Key Points

1. Auto-regressive large language models (LLMs) exhibit a surprising failure of generalization known as the "Reversal Curse," where models trained on the pattern "A is B" fail to automatically predict the reverse pattern "B is A."

2. The study presents evidence for the Reversal Curse by finetuning models on fictitious statements and evaluating their ability to answer related questions in both the original and reverse orders. The models consistently fail to generalize to the reverse direction, indicating the robustness of the curse across model sizes and families.

3. The Reversal Curse is demonstrated through experiments where models are trained on synthetic data and evaluated for their ability to generalize to reversed patterns, showing an inability to significantly increase the likelihood of the correct answer when prompted with the reversed pattern.

4. The Reversal Curse is linked to a fundamental failure of logical deduction in the LLMs' training process, as models do not automatically infer the reverse pattern even though logical deduction would suggest that they should be able to do so.
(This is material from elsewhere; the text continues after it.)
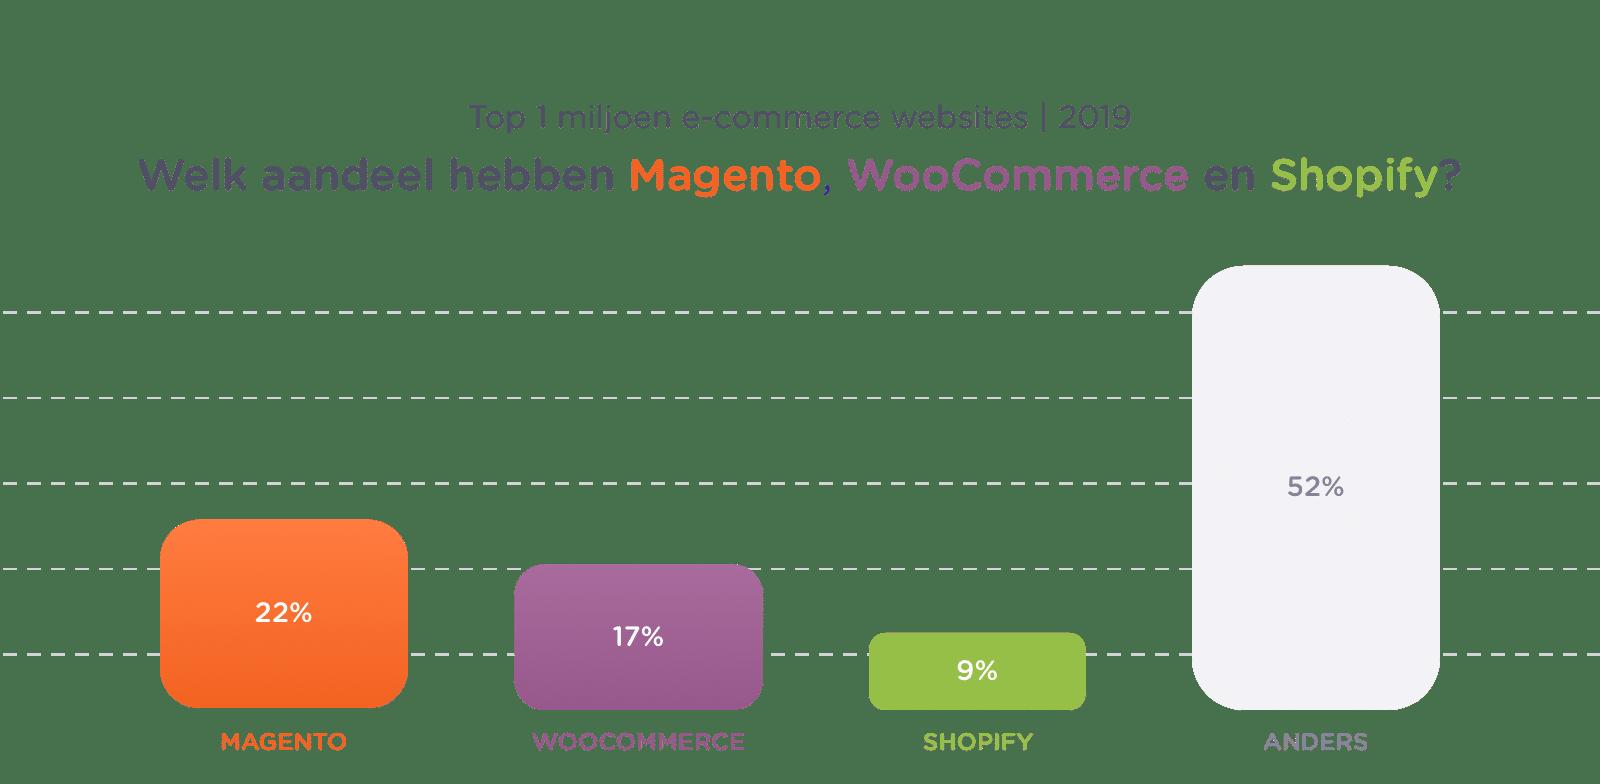 Grafiek van groei e-commerce platformen
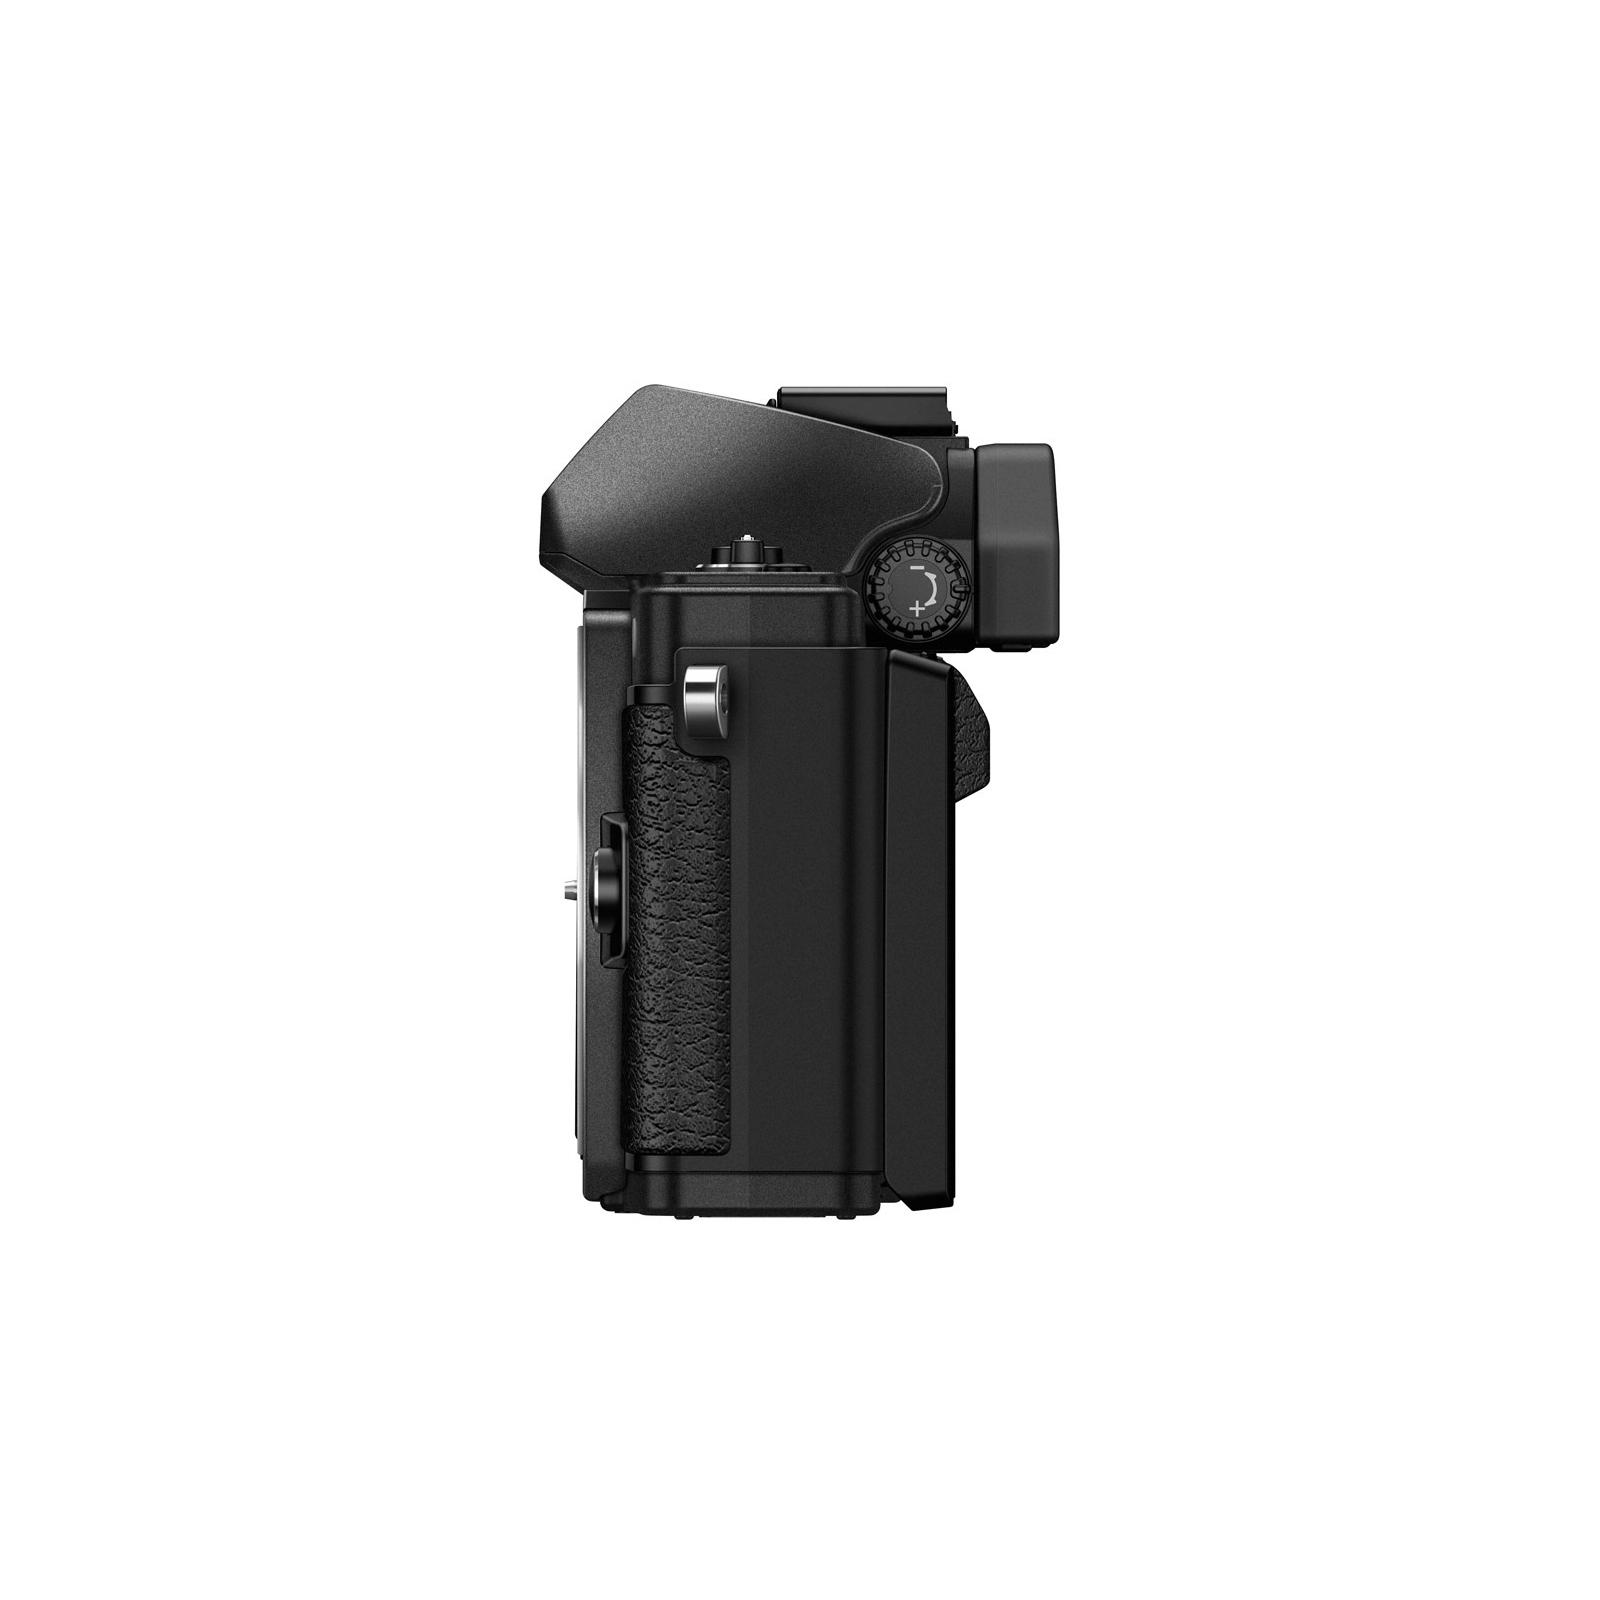 Цифровой фотоаппарат OLYMPUS E-M10 mark II 14-42 Kit black/black (V207051BE000) изображение 10

5. The paper provides evidence that the Reversal Curse affects practical generalization in state-of-the-art models by testing GPT-4 on pairs of questions about real-world celebrities and their relationships, showing a significant difference in accuracy between questions in the original and reverse order.

6. Further evidence for the Reversal Curse is provided by contemporary work using influence functions to determine how training examples influence an LLM's outputs, as well as research on knowledge editing and factual recall in LLMs.

7. The study raises questions for future research, including exploring other types of relations for reversal failures, finding reversal failures via entity-linking, and analyzing the practical impact of the Reversal Curse in large and diverse pretraining datasets.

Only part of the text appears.